Comme ces jeunes filles, leurs parents aussi sont traumatisés. « Je suis très peiné. Je ne peux même pas regarder en face ma fille de 10 ans. Si je le retrouve, je pourrais même le tuer », parie Pape Mbengue. À sa suite, Ngane Péne dit : « Je suis très peinée par le fait que ce marabout ait violé nos enfants. Moi, ma fille qui faisait ses humanités chez Serigne Lahat Gueye m’avait demandé de changer contre mon gré cette école pour poursuivre ses études chez Serigne Khadim Mbacké. Nous étions prêts à répondre à tous ses caprices. En sus de la scolarité mensuelle qu’on payait, on lui donnait chaque mercredi de l’argent. »
Bés Bi, le quotidien du groupe Emedia, a rencontré la fille par qui l’affaire a éclaté. Elle se confie : « Il (Serigne Khadim) avait l’habitude de faire faire à certaines d’entre nous des fellations, à d’autres de lui sucer le sexe jusqu’à ce que le sperme coule dans nos bouches. Et ensuite, il couchait chaque matin avec quelqu’un d’entre nous. Lasse d’obéir à cette pratique, je m’en suis ouverte à ma grande sœur. Elle m’a ensuite amenée chez la sage-femme en consultation. Cette dernière nous a envoyé chez un gynécologue. » Aussitôt que cette nouvelle s’est répandue comme une trainée de poudre, chaque parent a amené sa fille ou sa protégée en consultations chez la sage-femme.
« Pour nous dissuader de ne pas le dénoncer, il nous disait qu’il le saurait à travers son chapelet »
« Chaque matin, lorsque nous venons pour étudier, il nous demandait de passer dans sa chambre. C’est dans cet endroit qu’il abusait de certaines d’entre nous. Les plus jeunes, il leur caressait le sexe et mettait son doigt. Les moins jeunes, c’est-à-dire celles qui était âgées de 10 ans, après leur avoir fait sucer son sexe jusqu’à éjaculation, il leur imposait la fellation. Quant aux plus âgées, celles qui ont plus de 12 ans, il couchait avec elles. Après chaque rapport sexuel, il nous menaçait en ces termes : ‘’Si jamais vous tentez de le raconter, je le saurai à travers le chapelet que je porte par devers moi. »

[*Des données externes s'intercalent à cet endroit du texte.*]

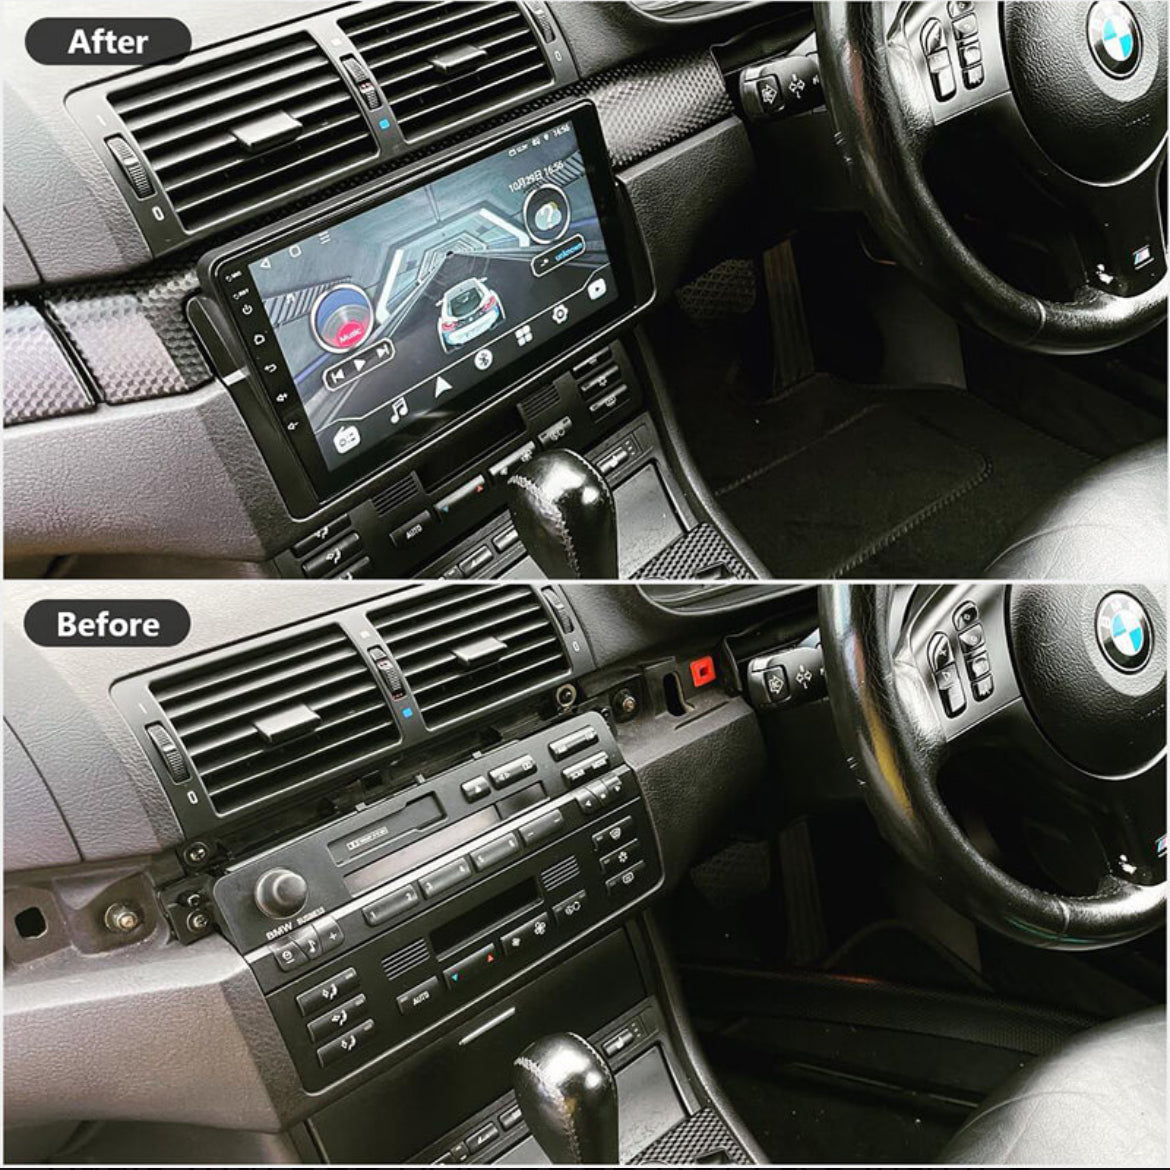 Eonon 8Core 9" Android Car Radio Stereo GPS Sat Nav DSP Head Unit BT For BMW E46

Suivi psychologique et suite judiciaire : Les parents interpellent l’Etat et les organisations féministes
Coumba Gueye, mère d’une des victimes présumées dit : « Ce maitre coranique, qui avait notre confiance, a détruit la vie de ces petites filles. Il avait pu avoir deux dahiras ici. On avait recours à lui lorsqu’il s’agissait des baptêmes et des autres cérémonies religieuses. » Comme les autres parents des victimes, elle veut que sa fille puisse être suivie par un psychologue parce que certaines d’entre elles n’osent plus regarder les gens. Ils veulent aussi sentir l’implication de l’Etat, des organisations de défense des droits de la femme mais aussi de la protection des enfants.